Non è questione di tollerare che, appollaiati su tutti i pulpiti delle loro commissioni nazionali, europee, atlantiche e mondiali, i responsabili vengano a mettere in scena il ruolo del colpevole e del non colpevole. La bolla dell’economia, gonfiata di debiti virtuali e di denaro fittizio, implode e si sgonfia sotto i nostri occhi. L’economia è paralizzata.
Prima ancora che il coronavirus rivelasse l’ampiezza del disastro, le “alte istanze” hanno grippato e fermato la macchina meglio degli scioperi e dei movimenti sociali che sono rimasti decisamente inefficaci per quanto contestatari fossero.

Basta con le farse elettorali e le diatribe di paccottiglia. Che gli eletti ammanicati con la finanza, siano spazzati via come l’immondizia e spariscano dal nostro orizzonte com’è scomparsa in loro la parcella di vita che ne faceva delle figure umane.
Non vogliamo giudicare e condannare il sistema oppressivo che ci ha condannato a morte. Vogliamo annientarlo.

Come non ricadere in questo mondo che crolla, in noi e davanti a noi, senza edificare una società con l’umano che resta a portata delle nostre mani, con la solidarietà individuale e collettiva? La coscienza di un’economia gestita dal popolo e per il popolo, implica la liquidazione dei meccanismi dell’economia mercantile.
Nella sua ultima sbruffonata, lo Stato non si è accontentato di prendere i cittadini in ostaggio e imprigionarli. La sua mancata assistenza a persone in pericolo le uccide a migliaia.
Lo Stato e i suoi agenti hanno demolito i servizi pubblici. Più niente funziona. Lo sappiamo con certezza: la sola cosa che riesce a far funzionare, è l’organizzazione criminale del profitto.
Hanno condotto gli affari loro nel disprezzo del popolo, il risultato è deplorevole. Tocca al popolo occuparsi dei suoi, finendo di rovinare i loro. A noi far ripartire tutto su basi nuove.

Più il valore di scambio predomina sul valore d’uso, più s’impone il regno della merce. Più accorderemo la preminenza all’uso che noi desideriamo fare della nostra vita e del nostro ambiente, più la merce perderà il mordente. La gratuità le porterà la stoccata.

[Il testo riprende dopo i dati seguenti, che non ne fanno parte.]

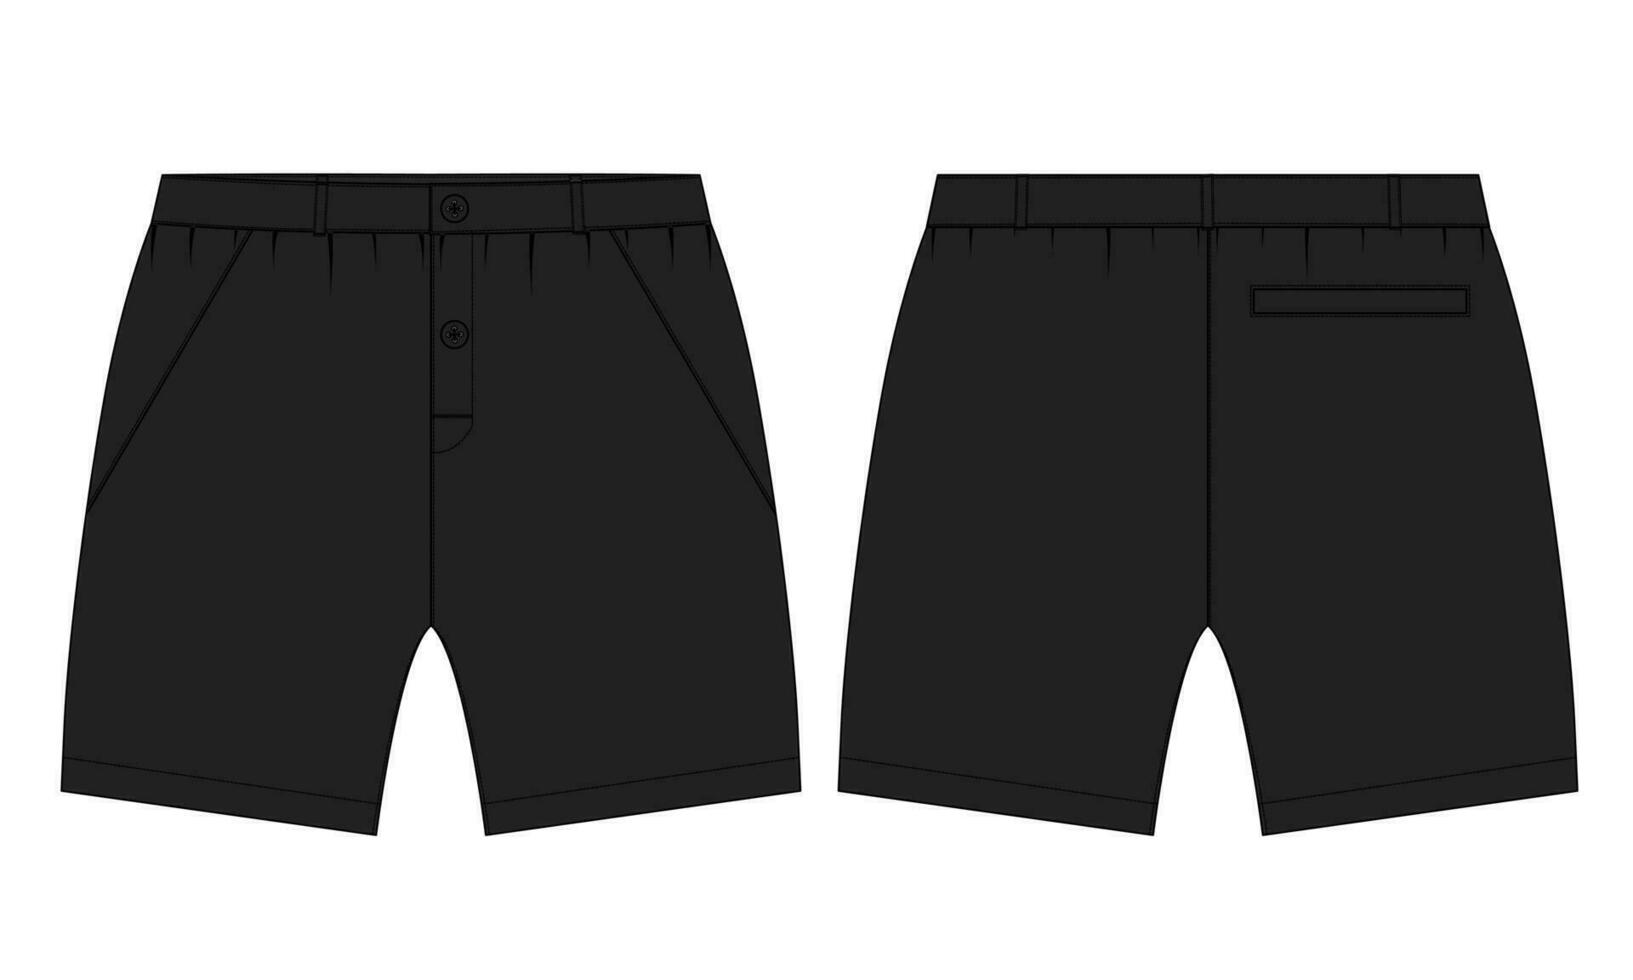 Pojkar svettas shorts flämta teknisk mode platt skiss vektor illustration svart Färg mall för ung män.

L’autogestione segna la fine dello Stato di cui la pandemia ha messo in luce il fallimento e la nocività. I protagonisti della democrazia parlamentare sono i becchini di una società disumanizzata a causa della redditività.
Si è visto, invece, il popolo, messo di fronte alle carenze dei governi, dare prova di una solidarietà indefettibile e mettere in atto una vera e propria autodifesa sanitaria. Non è questa un’esperienza che lascia augurare un’estensione delle pratiche autogestionarie?
Niente è più importante che prepararci a farci carico dei settori pubblici, un tempo a carico dallo Stato, prima che la dittatura del profitto li mandasse in demolizione.
Lo Stato e la rapacità dei suoi agenti hanno bloccato e paralizzato tutto, tranne l’arricchimento dei ricchi. Ironia della storia, l’impoverimento è ormai la base di una ricostruzione generale della società. Come potrebbe, chi ha affrontato la morte, avere paura dello Stato e dei suoi sgherri?
La nostra ricchezza è la nostra volontà di vivere.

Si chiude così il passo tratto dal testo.